[Gluster-devel] Rebalance data migration and corruption

Fri Feb 5 11:02:40 UTC 2016

+gluster-devel

> 
> Hi Sakshi/Susant,
> 
> - There is a data corruption issue in migration code. Rebalance process,
>   1. Reads data from src
>   2. Writes (say w1) it to dst
> 
>   However, 1 and 2 are not atomic, so another write (say w2) to same region
>   can happen between 1. But these two writes can reach dst in the order (w2,
>   w1) resulting in a subtle corruption. This issue is not fixed yet and can
>   cause subtle data corruptions. The fix is simple and involves rebalance
>   process acquiring a mandatory lock to make 1 and 2 atomic.

We can make use of compound fop framework to make sure we don't suffer a significant performance hit. Following will be the sequence of operations done by rebalance process:

1. issues a compound (mandatory lock, read) operation on src.
2. writes this data to dst.
3. issues unlock of lock acquired in 1.

Please co-ordinate with Anuradha for implementation of this compound fop.

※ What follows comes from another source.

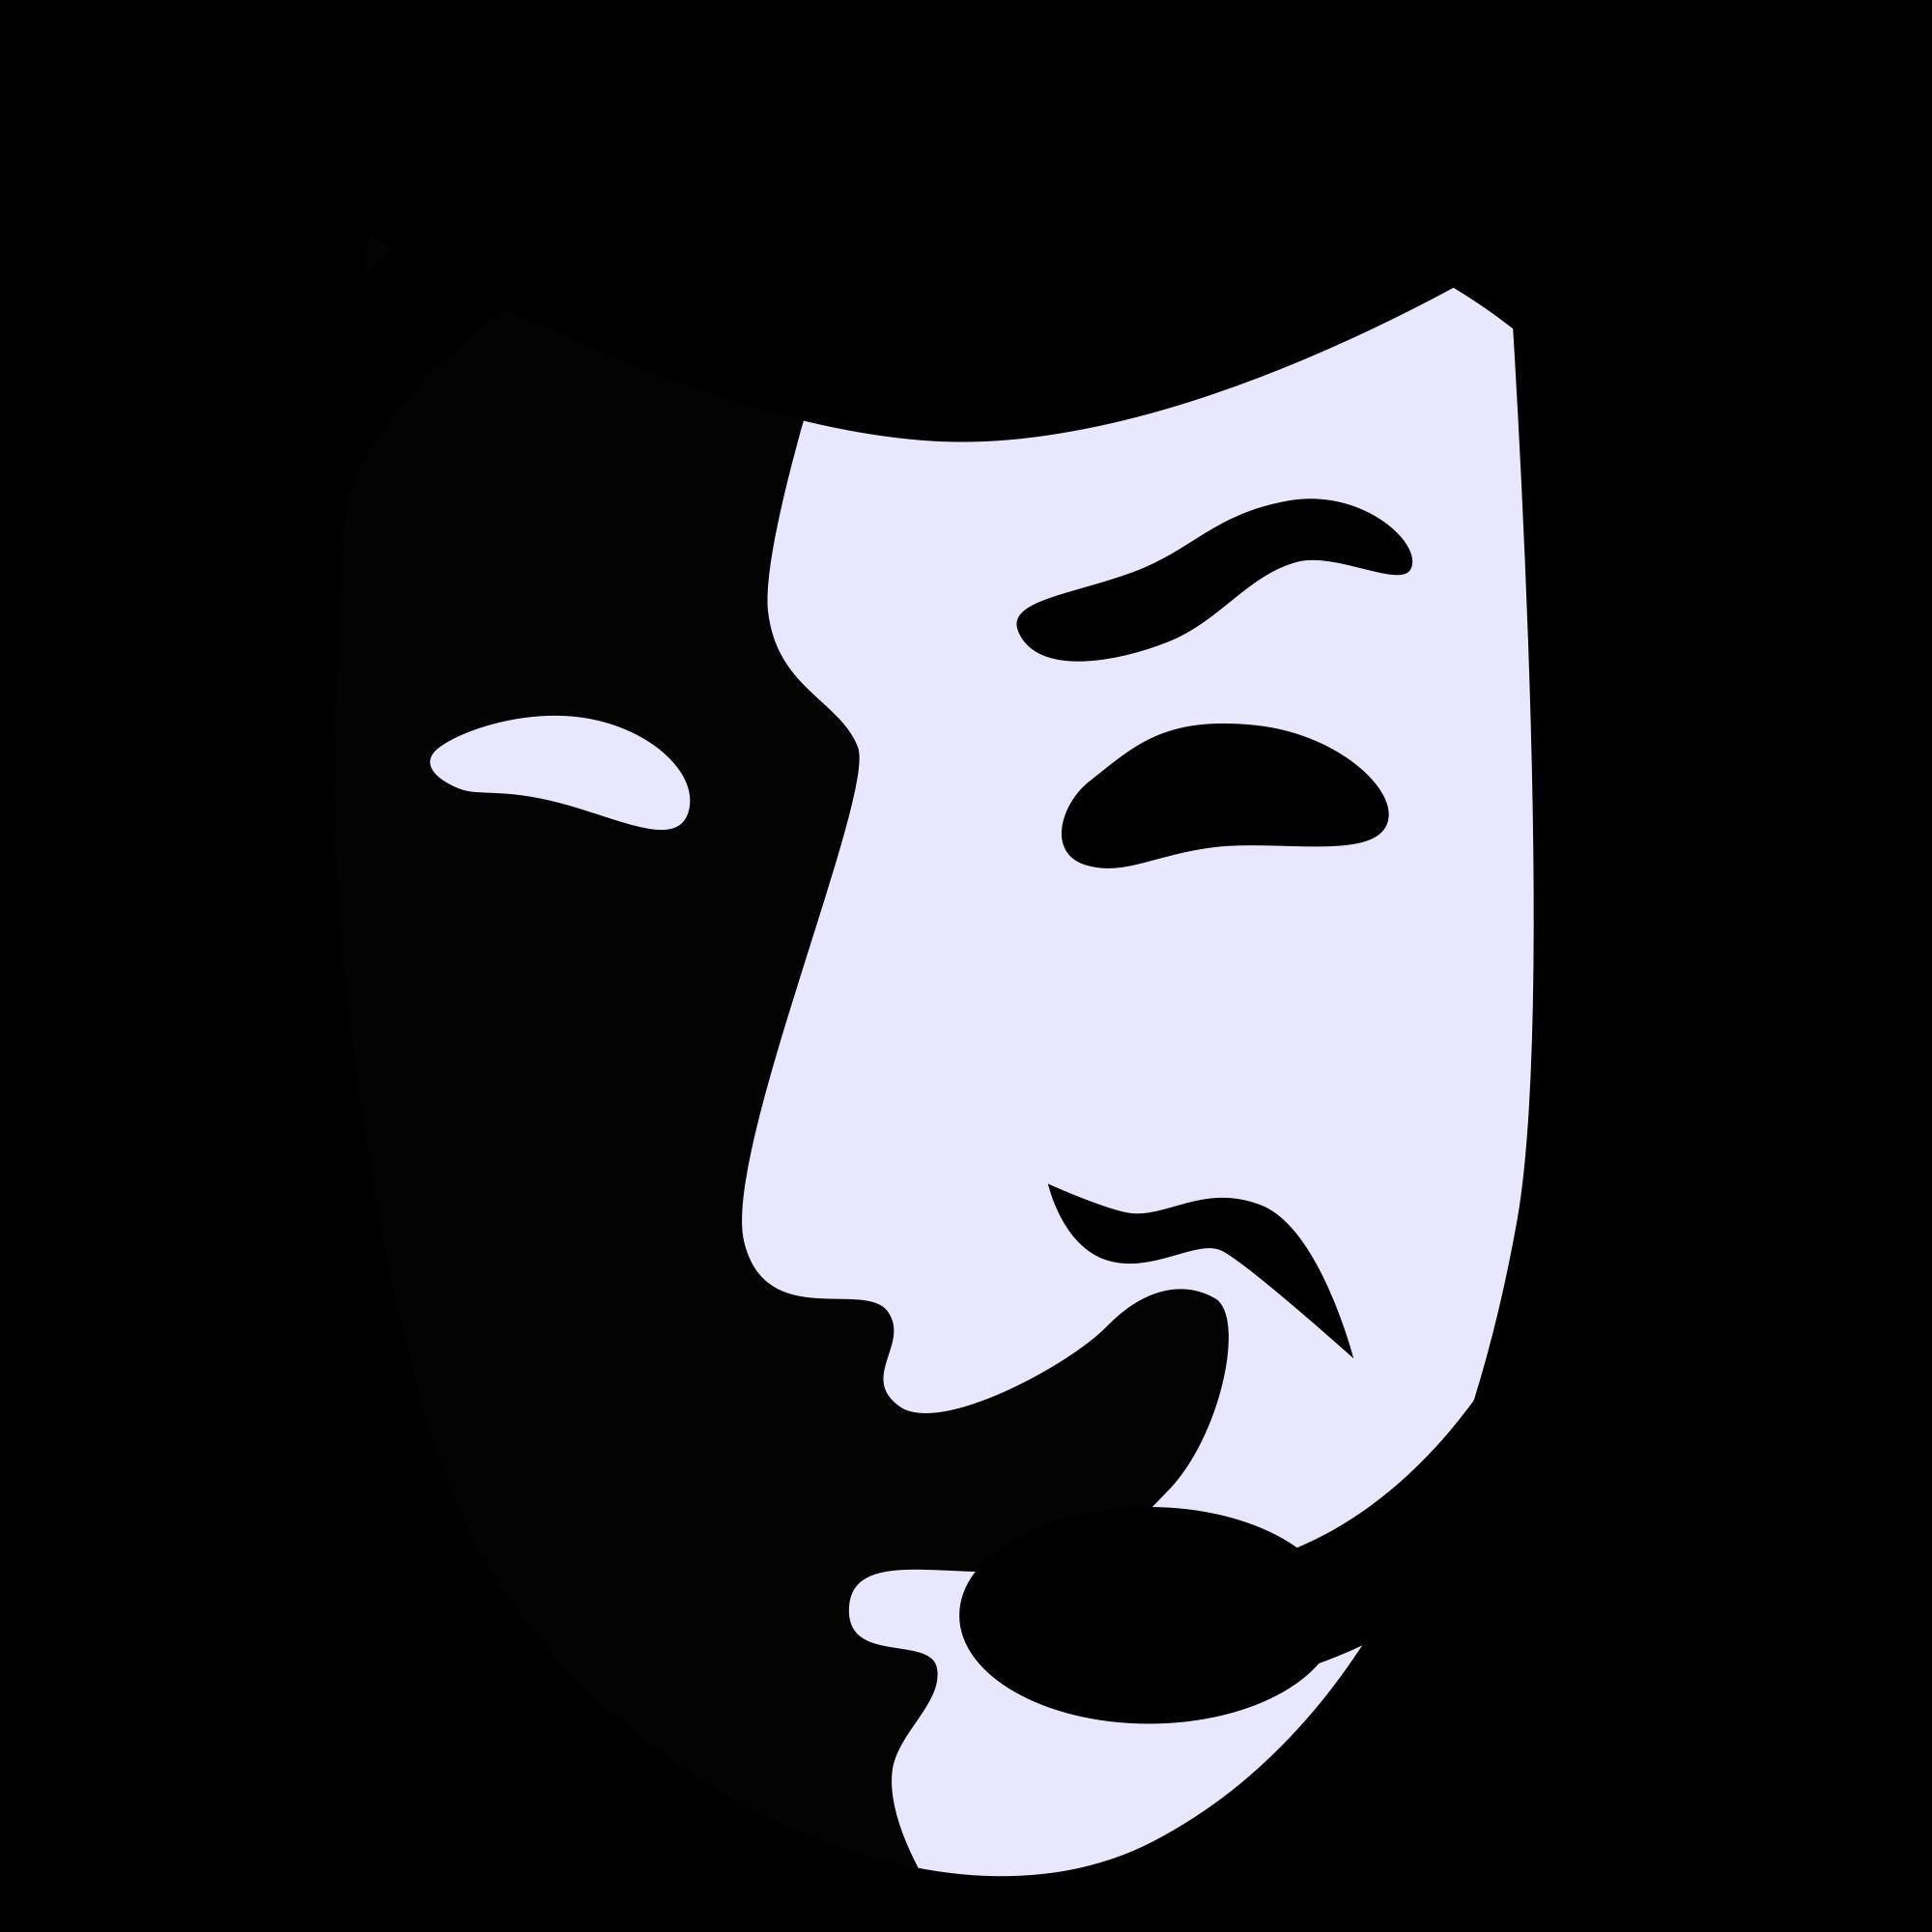 Technology clipart clip art. Theatre faces cliparts shop

Following are the issues I see with this approach:
1. features/locks provides mandatory lock functionality only for posix-locks (flock and fcntl based locks). So, mandatory locks will be posix-locks which will conflict with locks held by application. So, if an application has held an fcntl/flock, migration cannot proceed.
2. data migration will be less efficient because of an extra unlock (with compound lock + read) or extra lock and unlock (for non-compound fop based implementation) for every read it does from src.

Comments?

> 
> regards,
> Raghavendra.